In Swine Seventh, Eighth, and Ninth Review Results, the Department
found this program de jure specific, and thus countervailable, because
the program's legislation expressly limits its availability to a
specific group of enterprises or industries (livestock producers). No
new information or evidence of changed circumstances has been submitted
in this proceeding to warrant reconsideration of this finding.
The Department determined that these grants are recurring because
the recipient can expect to receive benefits on an ongoing basis from
POR to POR. (See General Issues Appendix (58 FR at 37226)). Therefore,
to calculate the benefit, we have allocated the amounts of the grants
to the year of receipt. Consequently, we divided the amount of IRMPEP
grants to live swine producers for the POR by the total weight of live
swine produced in Saskatchewan in the POR. We then weight-averaged the
result by Saskatchewan's share of total exports of live swine to the
United States during the POR. On this basis, we preliminarily determine
the benefit from this program to be Can$0.0010 per kilogram for the
POR.
Saskatchewan phased out the Interim Red Meat Production
Equalization Program. The last date producers could apply for or claim
benefits was November 30, 1994 and the last date that producers could
receive benefits was March 31, 1995. Because IRMPEP has been terminated
and there are no residual benefits being provided, the cash deposit
rate will be adjusted to zero to reflect a program-wide change. (19 CFR
355.50(1)(d) of the 1989 Proposed Regulations).

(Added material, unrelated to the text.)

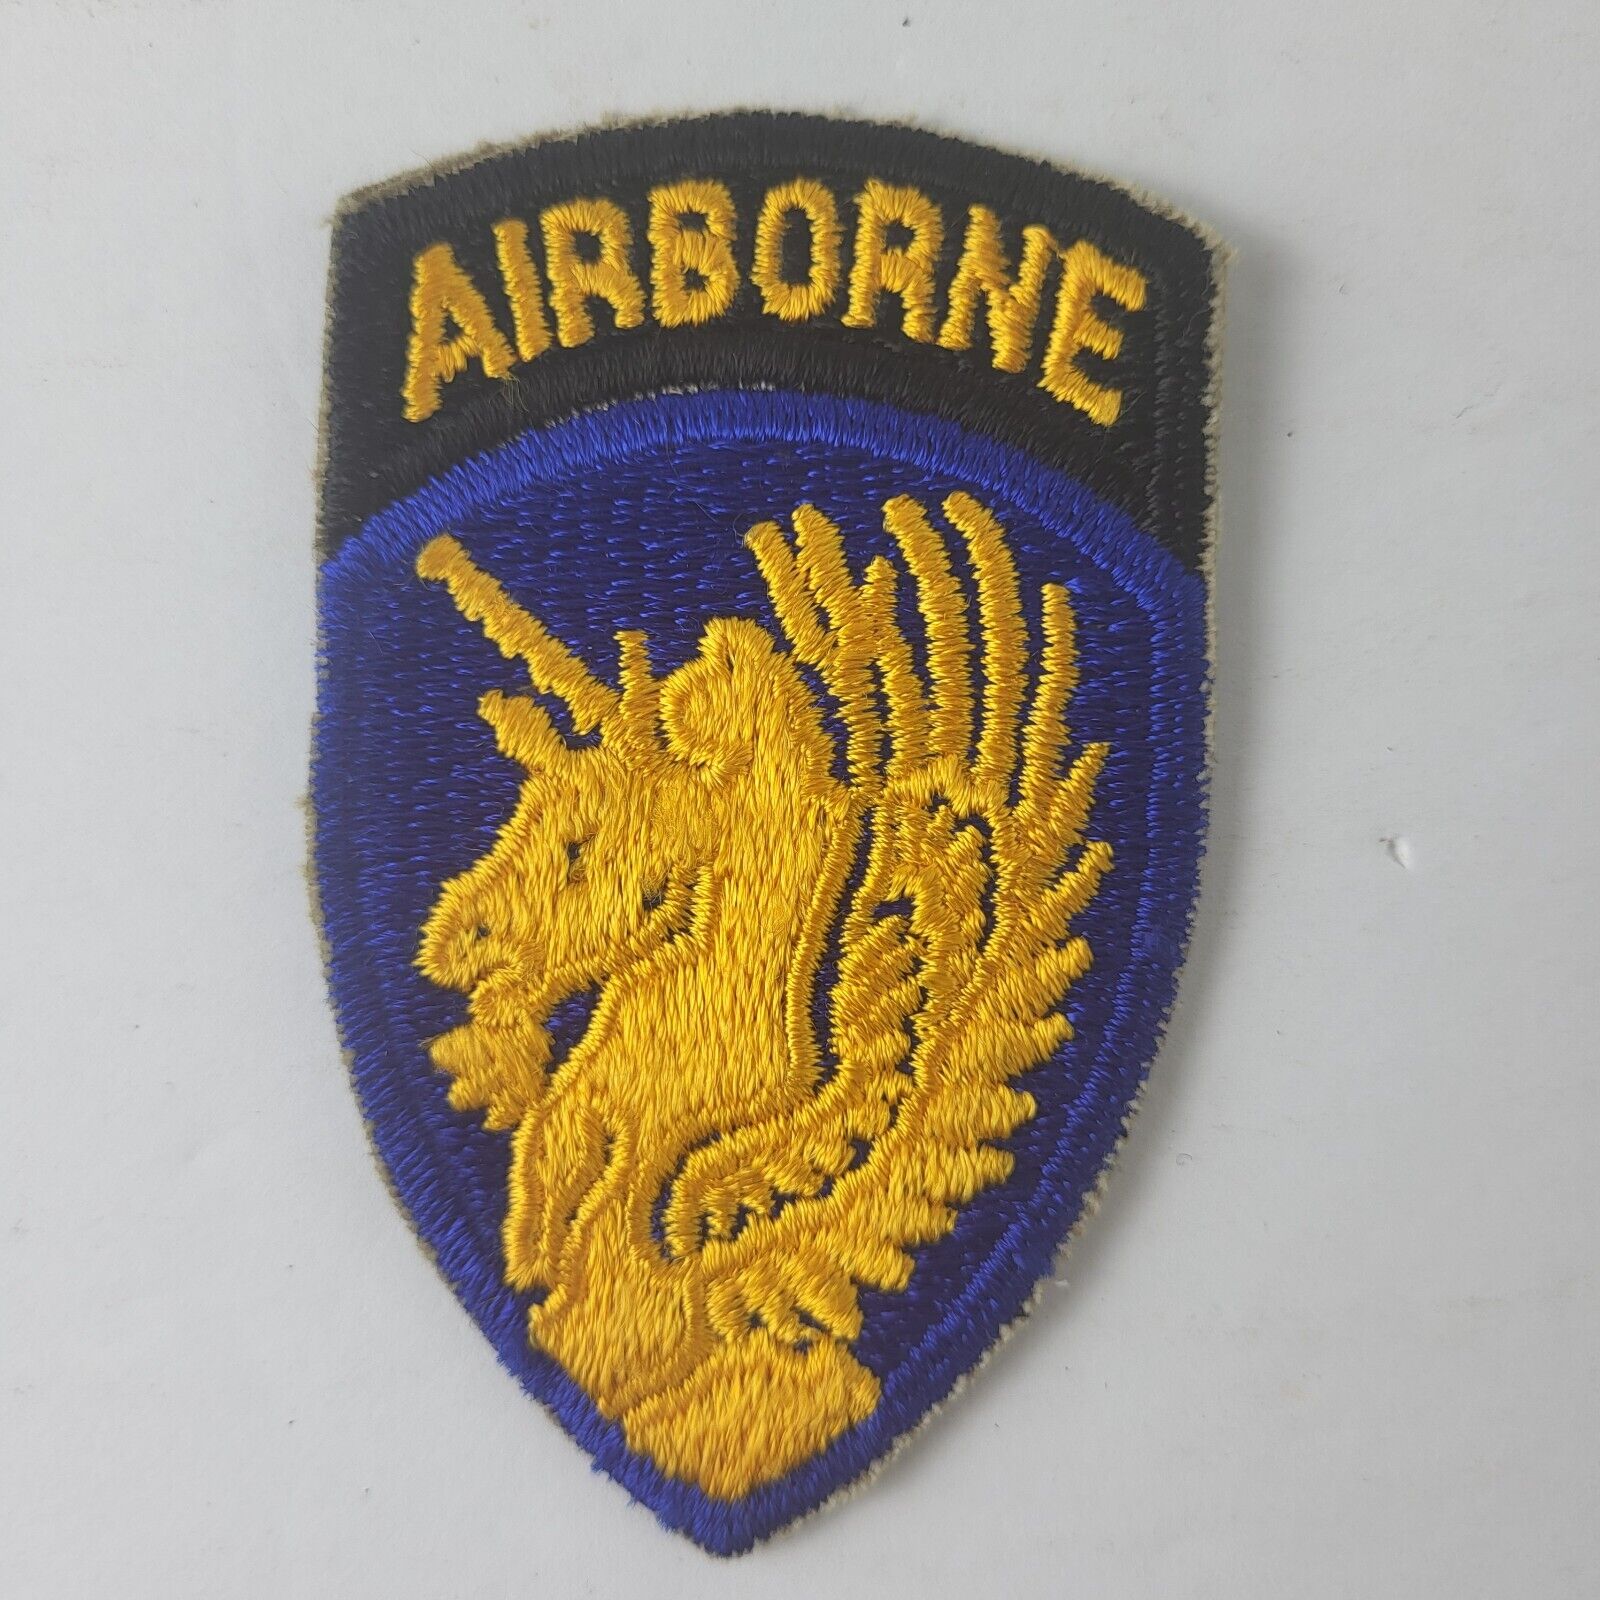 Army 13th Airborne Division Military World War II Tab Pegasus Winged Horse Patch

h. New Brunswick Livestock Incentives Program
This program, which operates under the Livestock Incentives Act,
provides loan guarantees to livestock producers purchasing cattle,
sheep, swine, foxes, and mink for breeding purposes, and for feeding
and finishing livestock for slaughter. Loans, in amounts ranging from
Can$1,000 to Can$90,000, are granted by commercial banks or credit
unions and guaranteed by the Government of New Brunswick (GONB) to an
individual, partnership, corporation or incorporated co-operative
association engaged in farming in New Brunswick. Swine producers submit
an application for a loan under this program to a bank. The bank
evaluates the loan application based upon standard loan criteria and
either approves or rejects the application. A consideration for
obtaining the loan is the presentation to the GONB of a farm plan
established at the time the loan is taken out. For loans given for the
purchase of animals for breeding purposes, the term of the loan is not
more than seven years and the first payment of the principal is due two
years after the date on which the loan was given. For loans given for
the purchase of animals for feeding purposes, the loan is due when the
animals have been sold which shall not exceed a period of eighteen
months. The interest rate for these loans is set at the prime rate plus
one percentage point.
At the end of three years after loans are issued, the GONB may give
20 percent of the loan amount to the farmer in the form of a grant. To
be eligible for this grant, the farmer had to have implemented, in a
satisfactory manner, the farm plan established at the time the loan was
taken out. The grant portion of
---- page 52432 ----
this program has been terminated. Grants are not provided for loans
given after July 15, 1992, but grants were still being provided during
the POR.
In Swine Second and Third Review Results (55 FR 20817), the
Department found this program to be specific because it is limited to
livestock producers. No new information or evidence of changed
circumstances has been submitted in this proceeding to warrant
reconsideration of this finding.
In accordance with section 771(5)(E)(iii) of the Act, a benefit
from a loan obtained with a government guarantee shall normally be
treated as conferred ``if there is a difference, after adjusting for
any difference in guarantee fees, between the amount the recipient of
the guarantee pays on the guaranteed loan and the amount the recipient
would pay for a comparable commercial loan if there were no guarantee
by the authority''. While there are no guarantee fees, the recipients
are paying interest at the rate of prime rate plus one percentage
point. As we learned at verification, the predominant lending rates in
Canada for comparable long-term variable-rate loans are based on the
prime rate plus a one or two-point spread. (See Verification Report at
pages 9 and 22.) Therefore, as our benchmark, we used the prime rate as
published by the Bank of Canada in the Bank of Canada Review, Winter
1995-96 plus one and one half percentage point. This rate represents
the simple average of the spread above prime charged by commercial
banks on comparable loans. Comparing the benchmark interest rate to the
interest rate charged on these loans, we preliminarily determine that
the amount the recipient paid on these loans is less than the recipient
would have paid on a comparable commercial loan.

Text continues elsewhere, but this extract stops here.